The flywheel shroud is a metal casing that covers the magnetic and is kept in place with three bolts.
Engines made in the 1970s typically have four bolts holding the shroud.
- Find The Magneto Coil
Once the shroud has been taken off, you locate the magneto coil.
Finding the magneto coil shouldn’t be a hassle as it is the only component behind the shroud with exposed copper windings or metal core.
These copper windings (the armature) form a “U” shape.
- Take Off Rubber Casing
The magneto coil has wires protected by a rubber casing that go into the spark plug. To test it out, you have to take off this rubber casing from the spark plug.

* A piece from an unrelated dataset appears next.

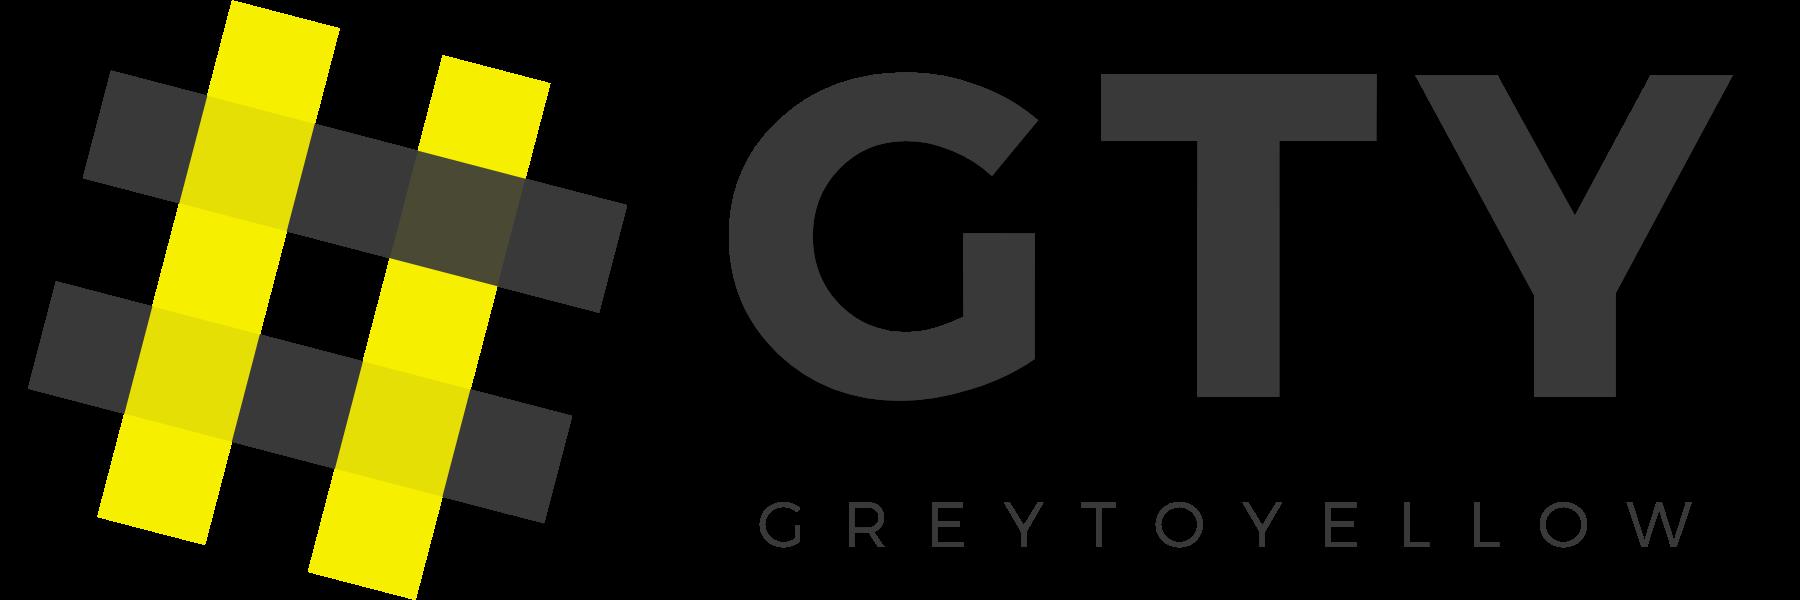 GREYTOYELLOW 3

- Set Your Multimeter Dial
For a magneto coil, you measure resistance. This means that your multimeter dial is set to Ohms represented by the Omega symbol (Ω).
Rather than opting for auto-ranging, you manually set your multimeter to the 40k Ohms range. This is because auto-ranging gives you very unreliable results.
- Position Multimeter Probes
Now, to measure resistance within your magneto coil, there are two things to do. You want to measure the primary and secondary coils.
For the primary coil, place the red multimeter probe on the “U” shaped winding and ground the black probe on a metal surface.
To measure the secondary coil, place one of your multimeter probes on the “U” shaped metal core (winding) and place the other probe in the rubber casing at the other end of the magneto.
While this probe is in the rubber casing, you ensure that it touches the metal clip on it.
Here is a video that shows exactly how to measure primary and secondary magneto coils.
- Evaluate Results
Once the probes have been placed on the different parts of the magneto, you check the multimeter for readings.
The readings are presented to you in kilo ohms and should be between 3k and 15k, depending on the type of magneto you are testing.
Referring to the manufacturer’s manual helps you with this. Any reading out of this range means that your magneto coil is faulty.
Sometimes, the multimeter may display “O.L”, which means that there is an open-loop or short between those two points. Either way, the magneto coil needs to be changed.
In addition to these, there are certain tips to take note of.
If the multimeter produces a reading higher than 15k, the culprit may be the connection between your high voltage (HV) wire at the coil and the metal clip that goes to the spark plug.
If all these are checked and the magneto produces proper Ohm readings, then your problem may be with the spark plug or weak magnets in the flywheel.
Check these components out before deciding to change the magneto.
Frequently Asked Questions
How Many Ohms Should An Ignition Coil Have?
A good magneto coil produces Ohm reading between 3k to 15k depending on the model it is. Any value below or above this range signals a fault with it and you may need to replace it.
How Do You Test A Magneto For Spark?
To test a magneto for spark, you make use of a spark tester. Connect the alligator clip of this spark tester to the magneto coil, try to power up your engine, and see if this tester produces a flash.
How Do I Test A Small Engine Coil With A Multimeter
Simply place the multimeter probes on the “U” shaped metal core and the spark plug metal clip at the other end. A reading outside the 3k to 5k Ohms range means it is faulty.
How Do You Test A Magneto Condenser
Set your meter to Ohms (Ω), place the red probe on the hot connector, and ground the black probe on a metal surface. If the condenser is bad, the meter doesn’t produce any consistent reading.
How Many Volts Does A Magneto Produce?
A good magneto generates about 50 volts. When a coil is introduced, this value increases to 15,000 volts, and this can be easily measured with the use of a voltmeter.